How To Install Car Speakers

Replacing car speakers or installing new ones isn't difficult, and new speakers can sound vastly better than the old ones.


Whether your car's speakers are blown or just sounding puny, new car speakers can be easy to install. Car stereo decks (radio/tape player/cd player/etc.) have a built-in amplifier that powers the speakers. In most cases, your stock deck has an amplifier strong enough to power speakers that will sound dramatically better than your old ones.


The tools necessary for this project will depend on the complexity of the installation. It could be as simple as a couple of screwdrivers, but you will most likely need a wire stripper and electrical tape. Other tools that could be useful, depending on your installation, are a soldering iron, Allen or Torx wrenches, an offset screwdriver set, and a door panel tool.


The first priority is to decide which speakers you want to replace. Some cars may come with anywhere from two to six speakers. Usually you'll want to replace pairs of speakers unless you're adding a separate subwoofer. Your speakers are probably on the back package shelf, in the doors, or on the dash.
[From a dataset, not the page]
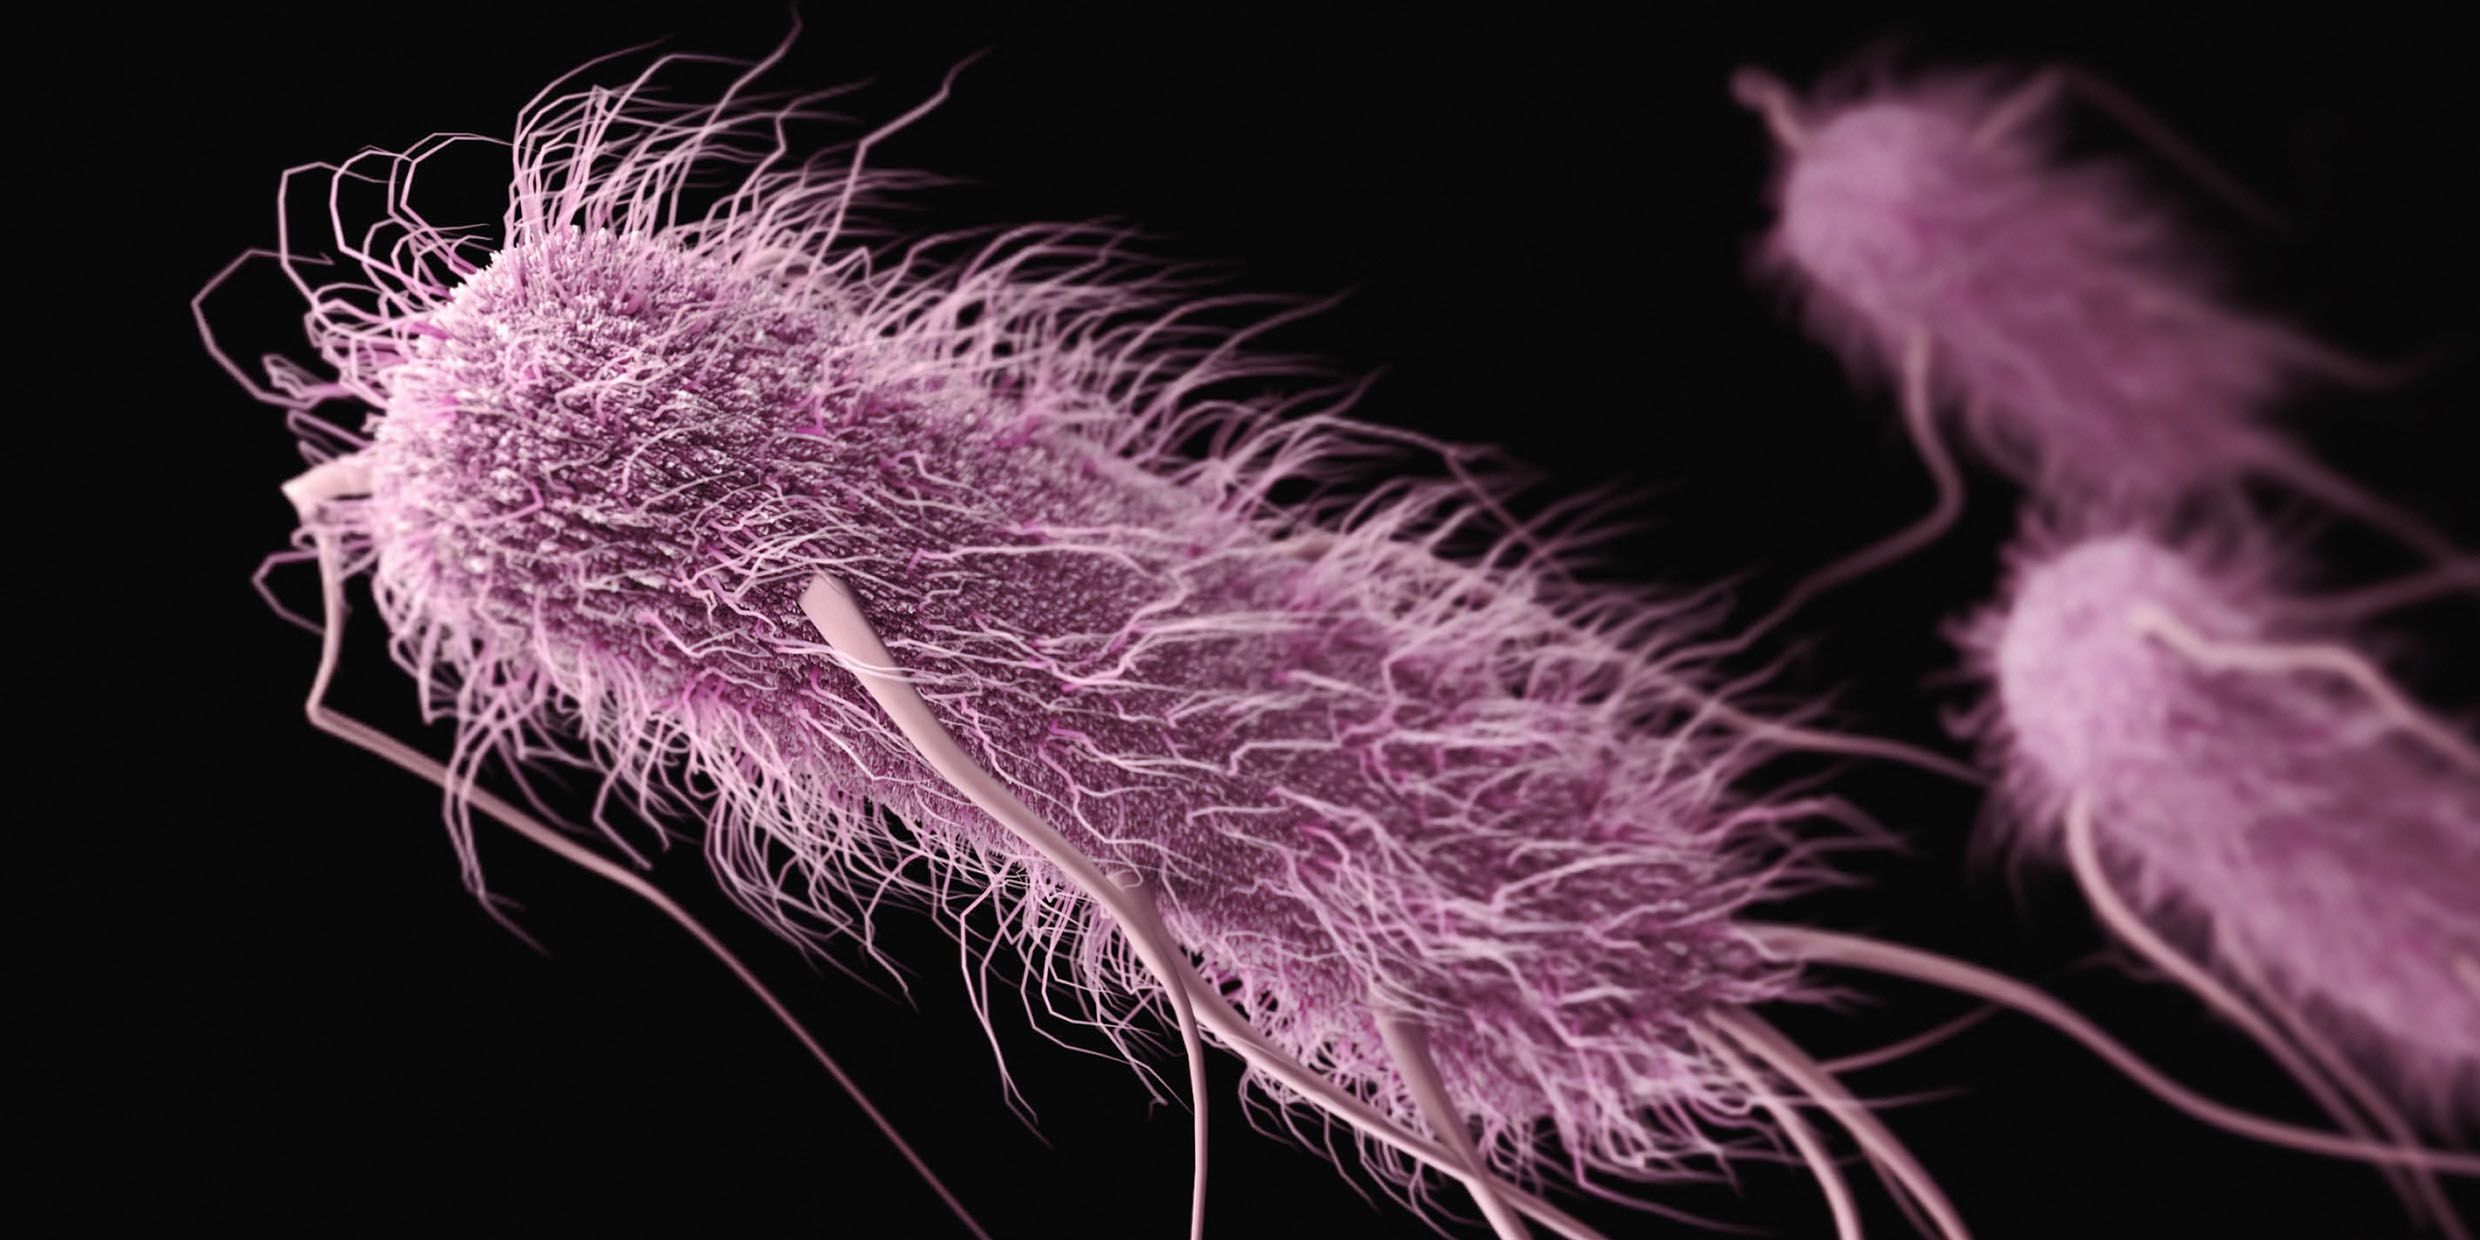 Computer rendering of bacterium

Just look for speaker grills if the old speakers aren't working. You can usually see the front of the speakers through the grills, but if not, most grills can be removed easily with a screwdriver. Measure and write down the speaker sizes.


Some car speakers are in more inaccessible places, so if you're having trouble getting to the speakers to measure them, then you might want to call a professional. One great resource is Crutchfield, and the primary advantage to using them is that they have online and print-based guides that help you look up your vehicle. For almost any vehicle, their guide will tell you what size your car speakers are and which of their speakers will be easy replacements. Better yet, if you order from Crutchfield, they include an easy to follow installation guide, and if any adaptor brackets or wiring harnesses are needed, they supply those for free, too.
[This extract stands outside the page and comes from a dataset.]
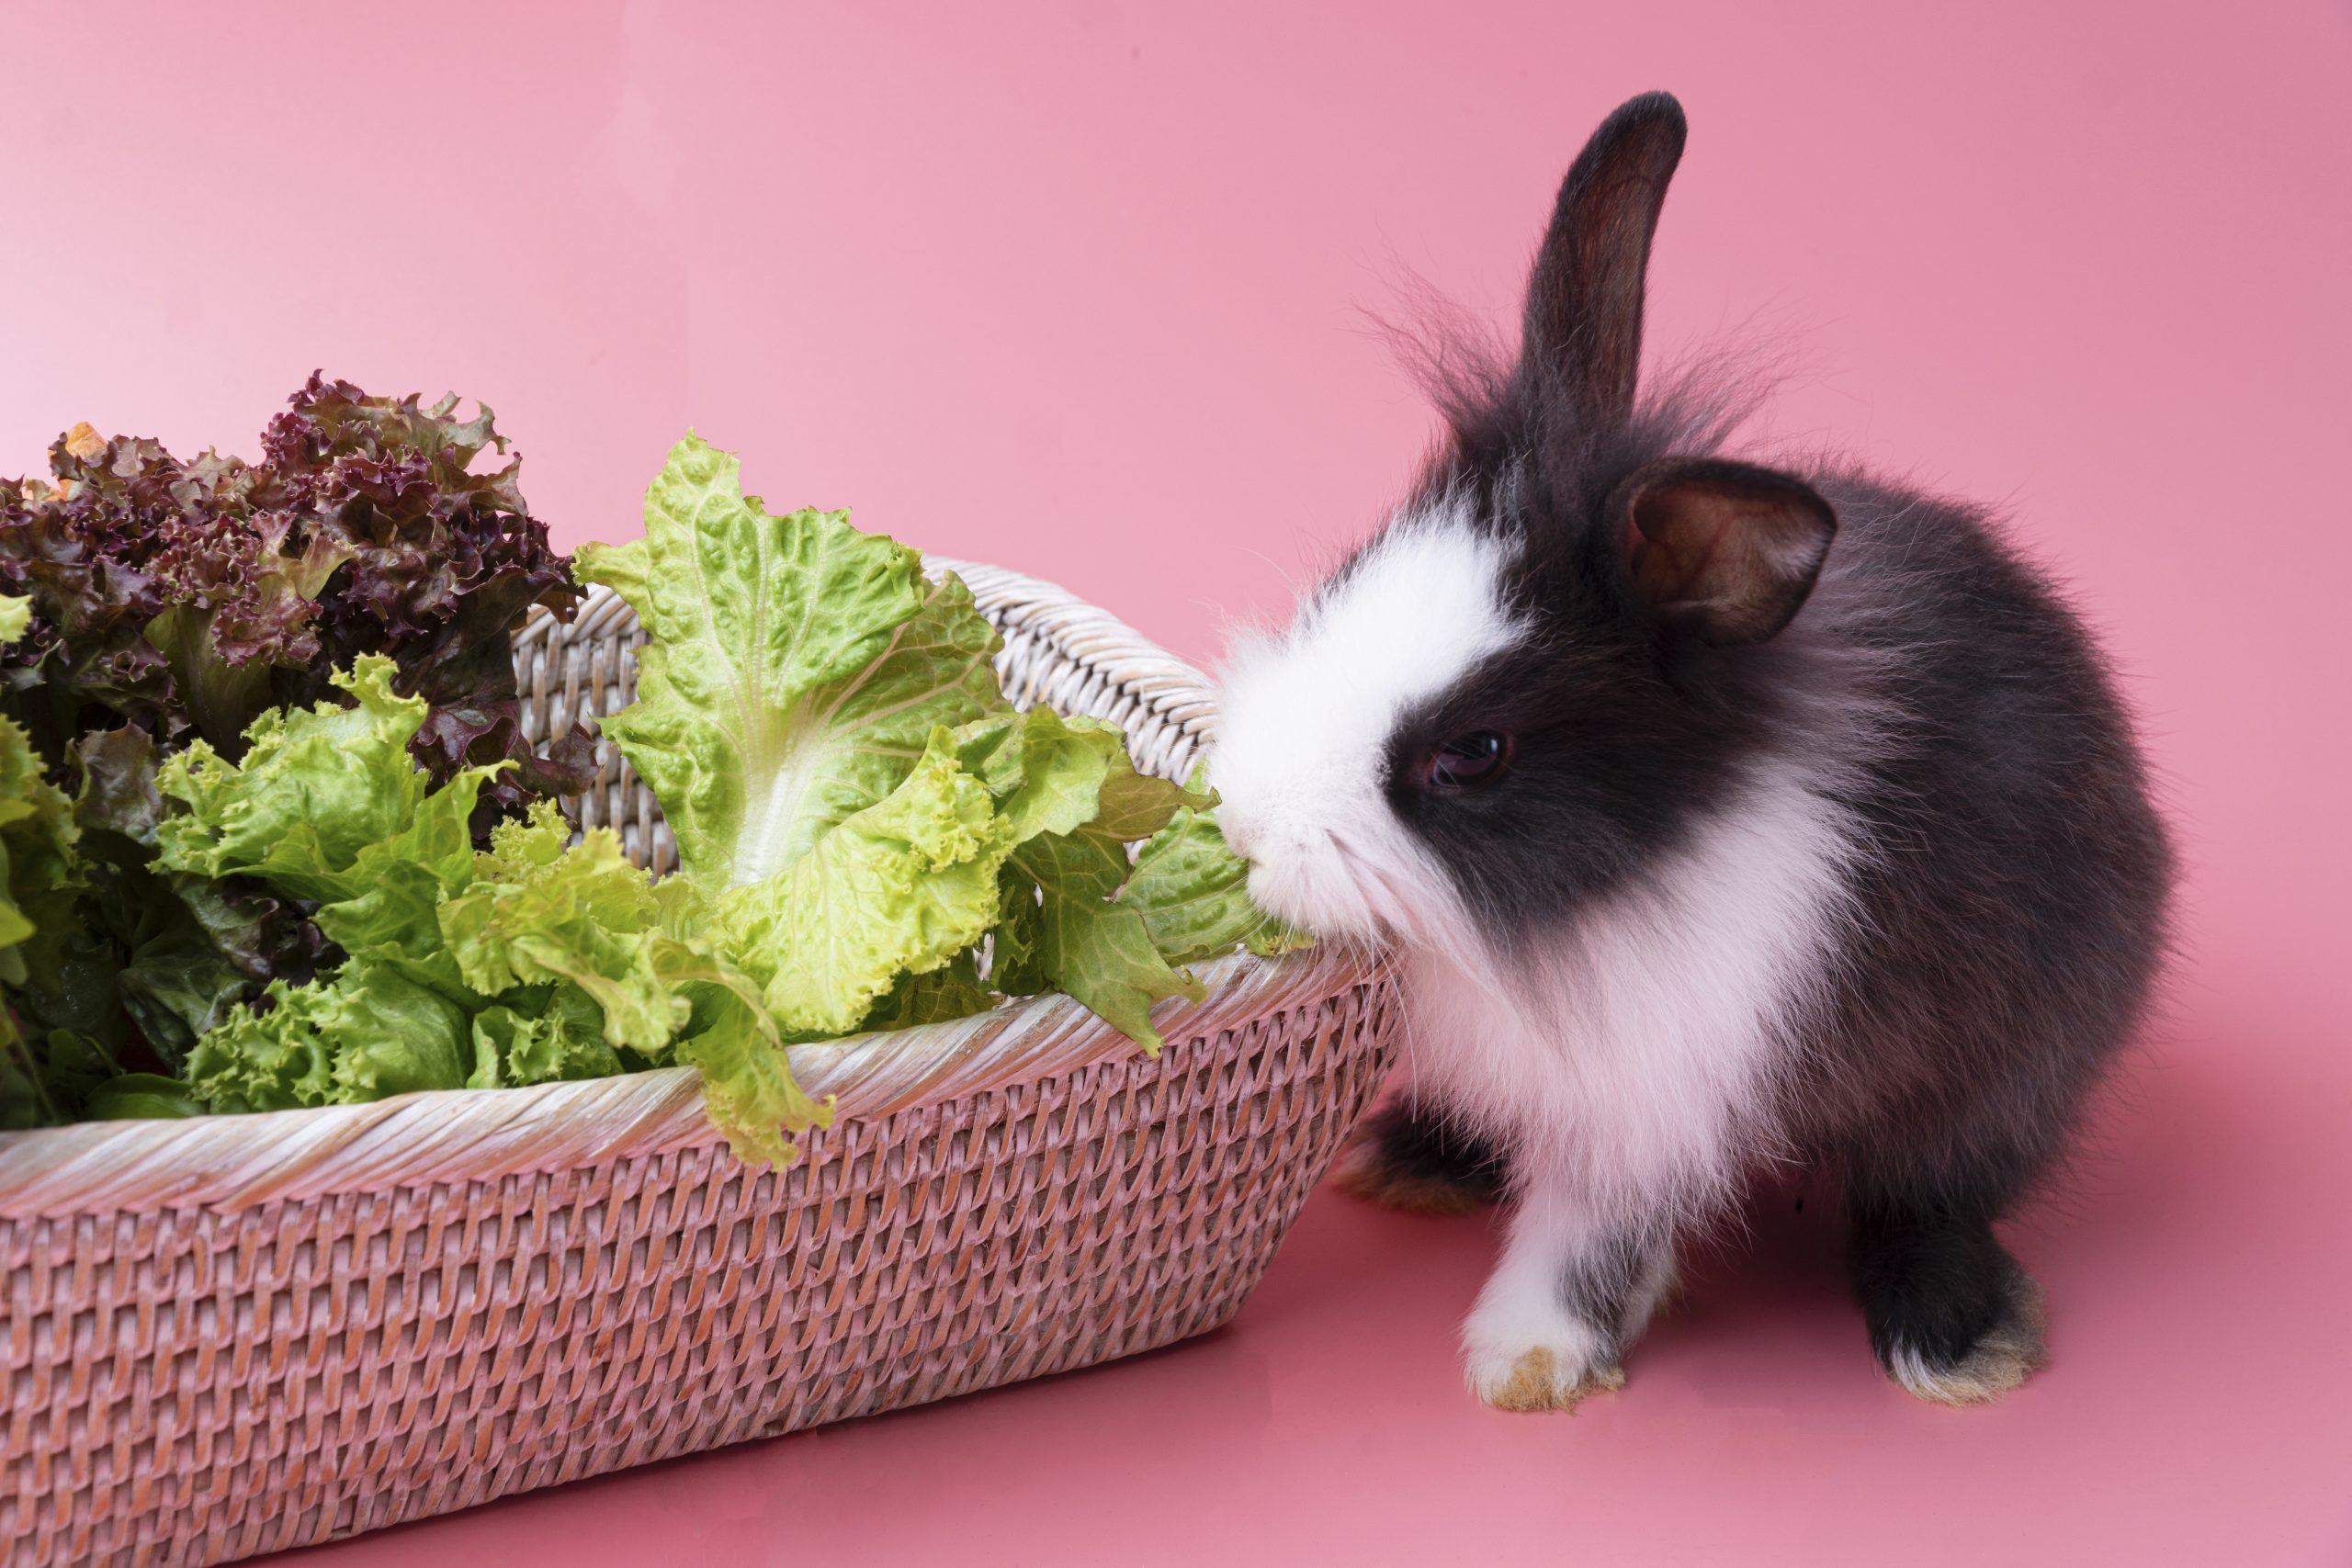 rabbit nibbling on lettuce

If you don't have the money to replace all your speakers, you can either replace the pair of speakers that sound the worst or replace the biggest set of speakers. Replacing the largest set of speakers will be somewhat more expensive than replacing a smaller set of speakers, but the results are likely to sound far better. For example, say all four of your speakers are blown, distorting badly on bass notes. You measure them and find that you have 4 inch front speakers and 6 x 9 rear speakers. Unless you pay top dollar for really great 4 inch speakers, it isn't likely that you'll hear too great of an improvement by replacing them. However, there are plenty of inexpensive, high-quality 6 x 9 speakers on the market, and replacing that set will yield much better-sounding results.
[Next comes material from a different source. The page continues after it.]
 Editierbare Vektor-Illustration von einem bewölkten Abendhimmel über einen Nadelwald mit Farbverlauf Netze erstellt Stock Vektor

The next decision is which speakers to buy. The easiest method is to replace a pair of speakers with a pair that is an identical size. However, sometimes the magnet on the back of the speaker may be too much bigger than the old speaker, or perhaps part of the front of the speaker sticks out too far for the old speaker hole. If you're buying speakers from a local store, it's helpful to measure all the speaker and hole dimensions and take the measurements with you to buy the new set.